Re: Old vs New pool on same OSDs - Performance Difference

Nick Fisk <nick@xxxxxxxxxx> · Fri, 5 Jun 2015 17:41:18 +0100

> -----Original Message-----
> From: ceph-users [mailto:ceph-users-bounces@xxxxxxxxxxxxxx] On Behalf Of
> Somnath Roy
> Sent: 04 June 2015 22:41
> To: Nick Fisk; 'Gregory Farnum'
> Cc: ceph-users@xxxxxxxxxxxxxx
> Subject: Re:  Old vs New pool on same OSDs - Performance
> Difference
> 
> Nick,
> I noticed that dumping page cache sometime helps as I was hitting Ubuntu
> page cache compaction issue (I shared that to community sometimes back).
> Perf top should show compaction related stack trace then . Setting sysctl vm
> option min_free_kbytes to big numbers (like 5/10 GB in my 64 GB RAM
> setup) may help. But, if it is the same issue over some period of time you will
> hit again if you don't set the above option properly.

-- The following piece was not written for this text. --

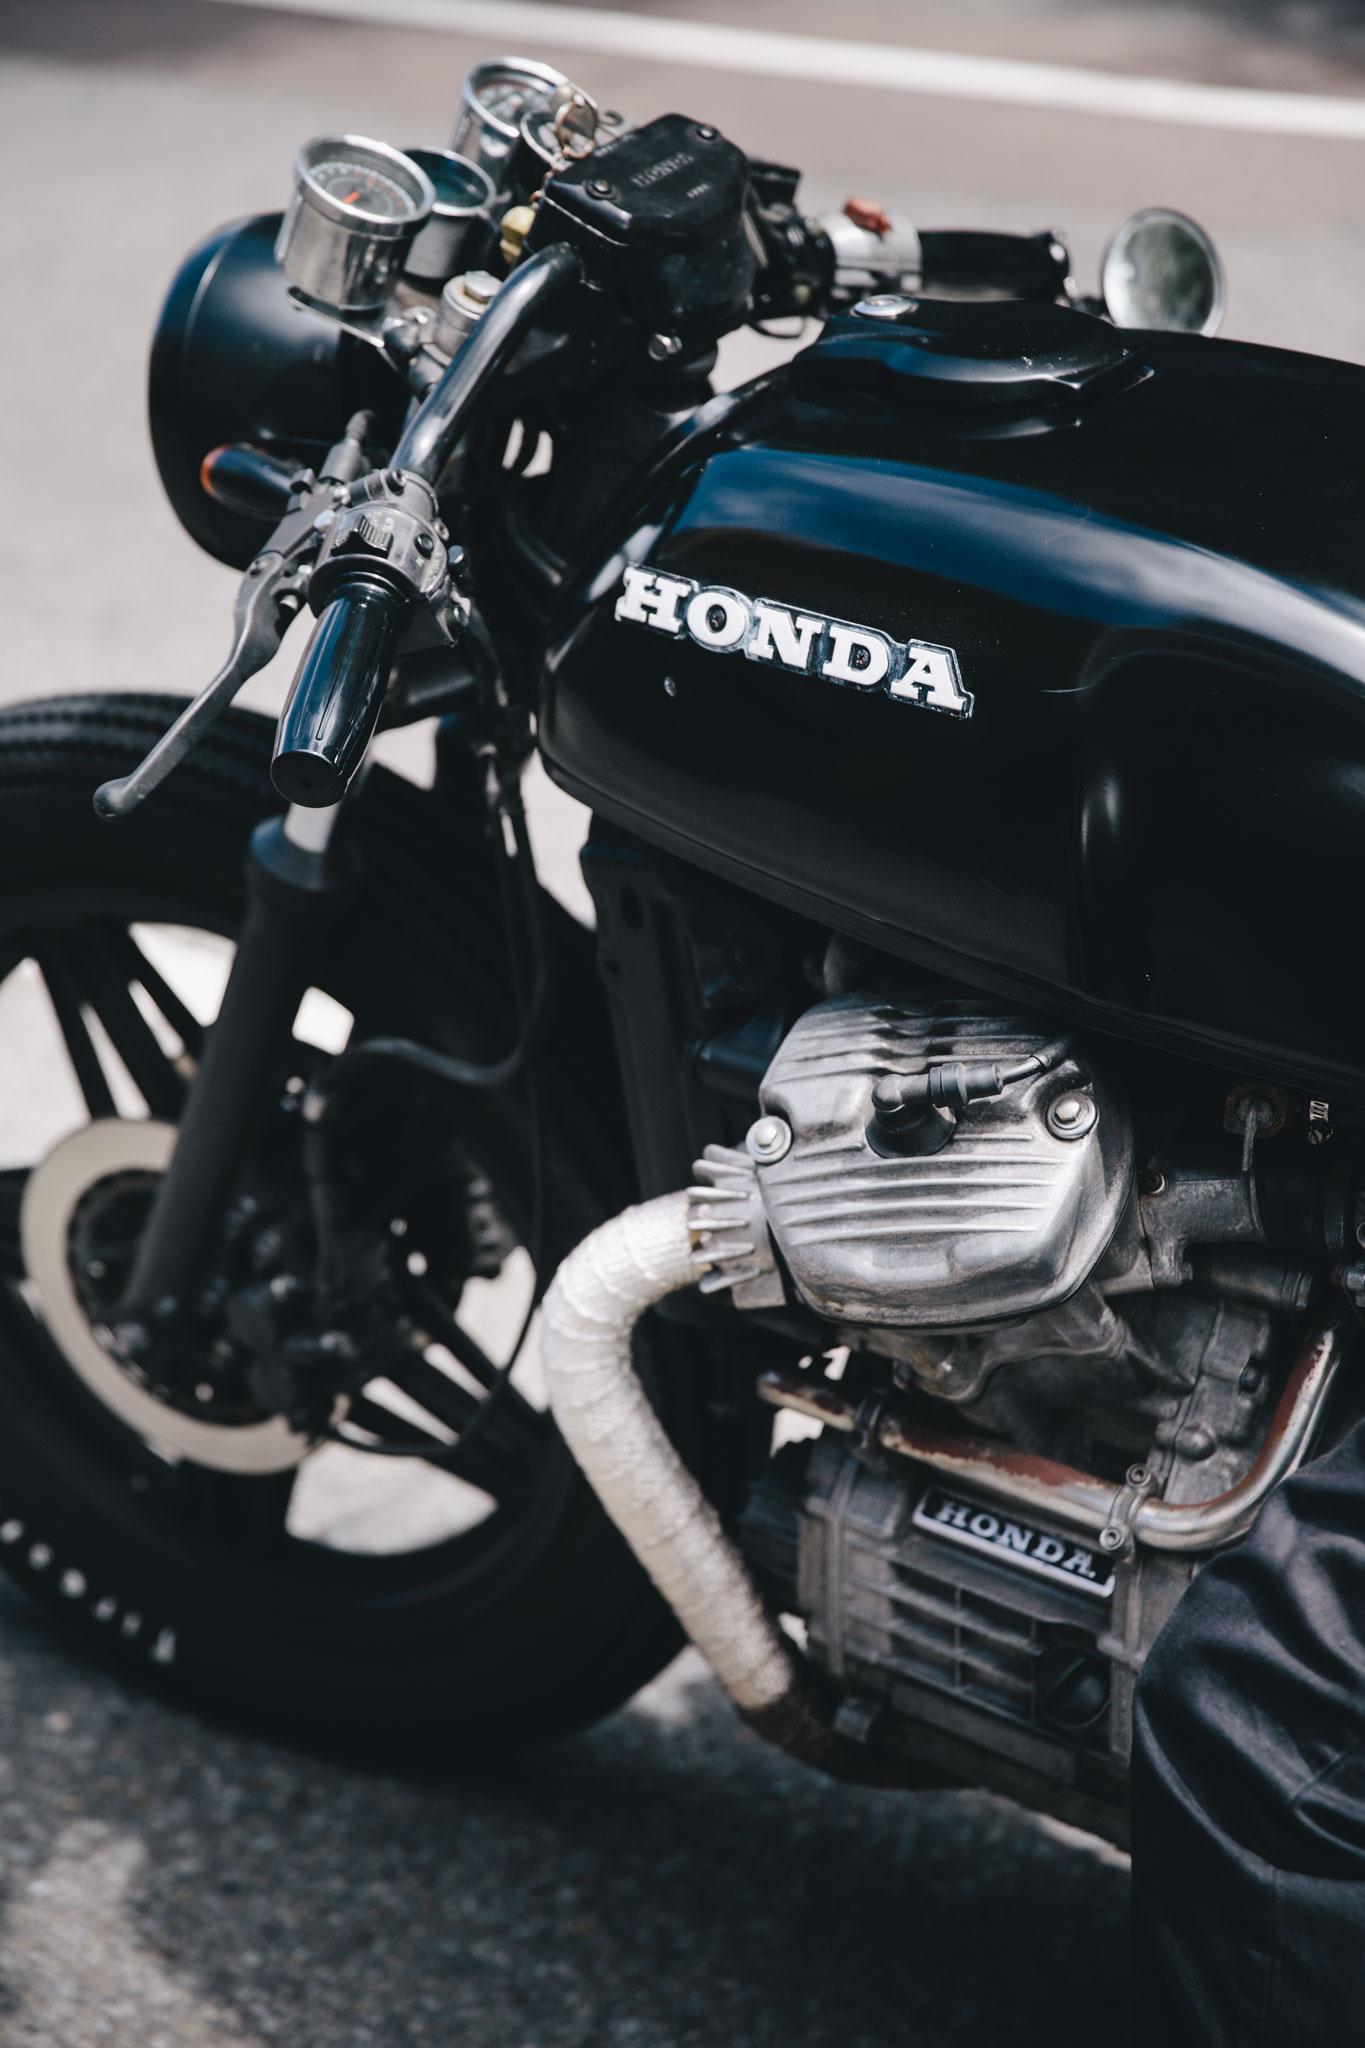 damien_honda_cx500_cafe_racer-5

Thanks for this, I will look into finding a suitable number and applying it.

> 
> Regarding your second problem:
> If you enable optracker, there are bunch of counters you can dump with
> admin socket. But, if you are saying if it is served from page cache
> performance is improved, it is unlikely it will be within OSD though. But,
> again, same disk serving other RBDS are giving you good numbers (May be
> part of the disk causing problem ?) !
> BTW, are you seeing something wrong in the log by enabling OSD and
> filestore debug level to say 20 ?
> If you can identify what PGs are slowing things down (by log or counters),
> you  can run similar fio reads directly on the drives responsible for holding
> primary OSD for that PG.
> 

I can't seem to find much info regarding the optracker. Do I just enable it by injecting " debug_optracker"? And once its enabled where do I find the counters?

I turned up the debugging and checked a handful of OSD logs, but couldn't see anything obvious which would indicate why it was running slow.

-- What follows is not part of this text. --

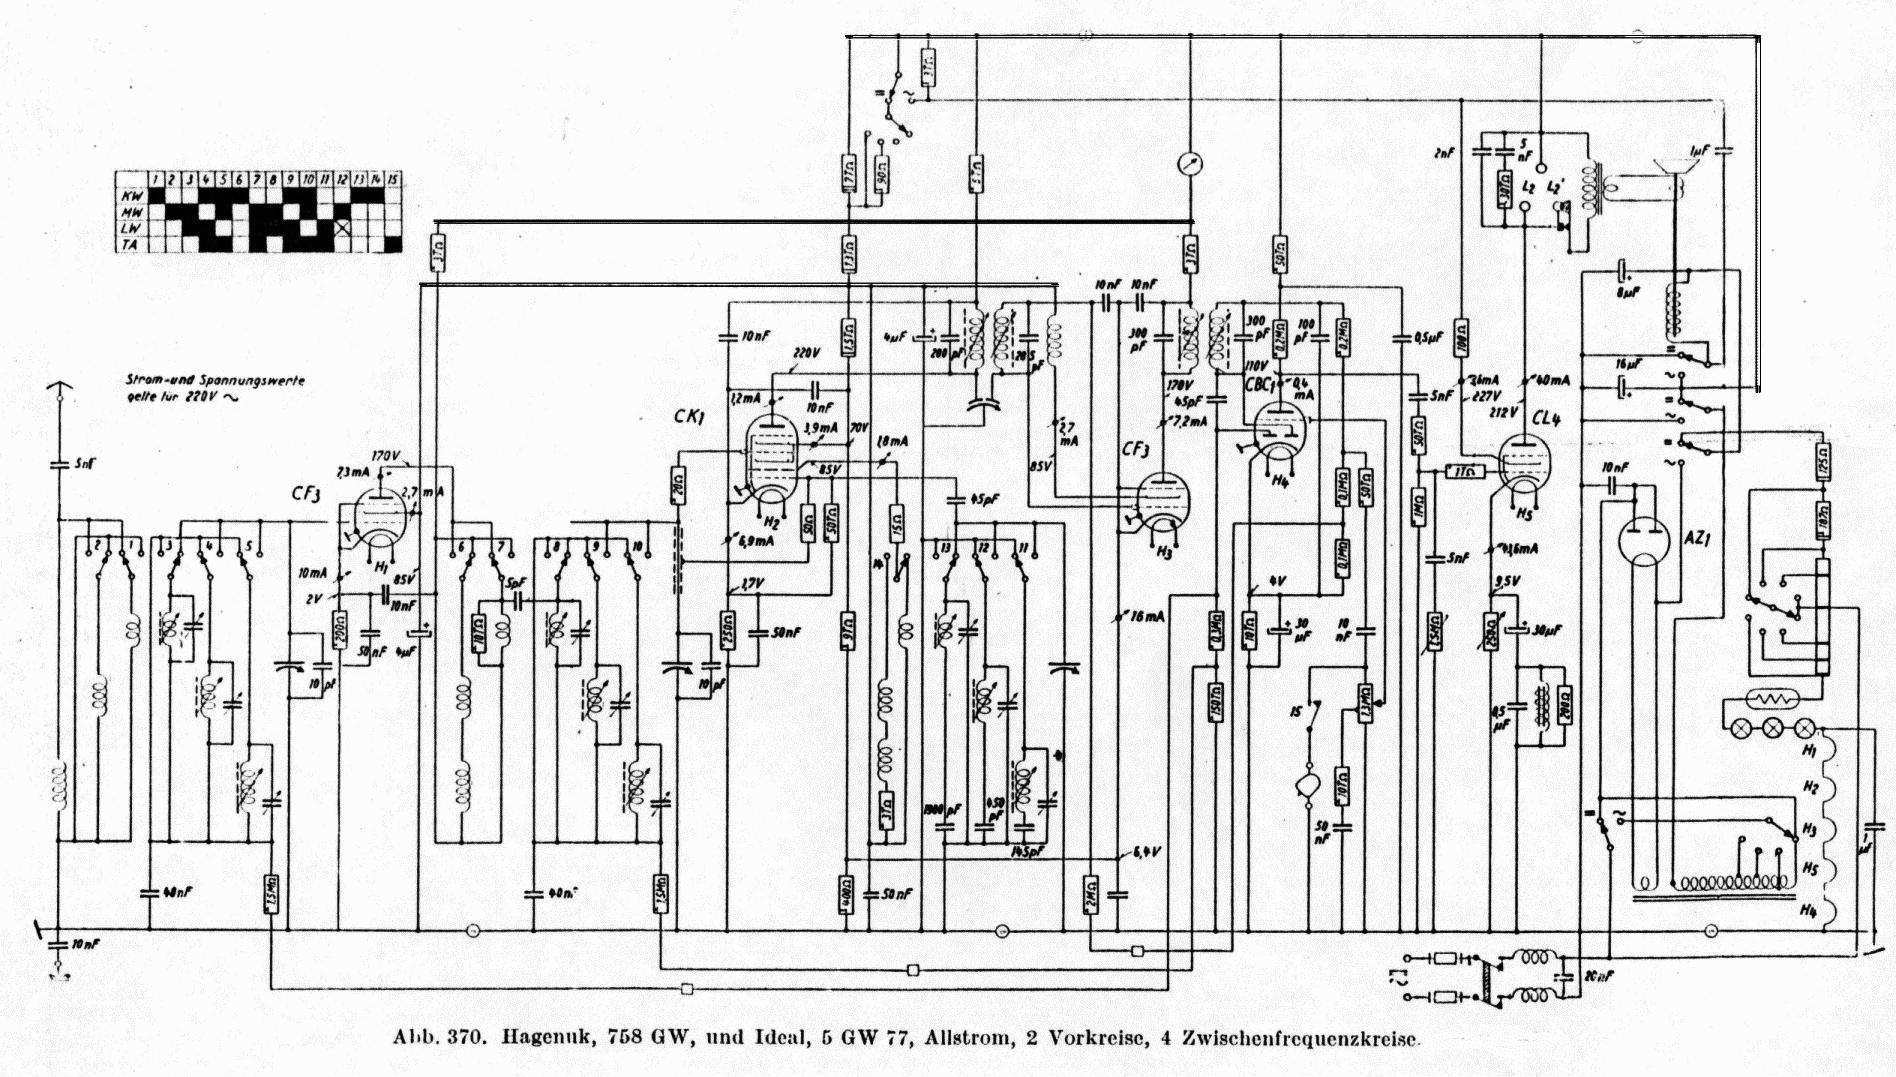 Großartig 110v Ausgangs Schaltplan Bilder - Der Schaltplan ...

I have also today restarted the OSD's to wipe the stats and then run the fio benchmark again against an old RBD. The op_r_latency from the OSD perf dump matches up with what I am seeing from fio (40-60ms), so something is definitely not right. If I then run a fio benchmark against one of the RBD's which I have recently written to, the average returns to what I would expect. Actual disk latencies via iostat are in the normal range of what I would expect for a 7.2k disk.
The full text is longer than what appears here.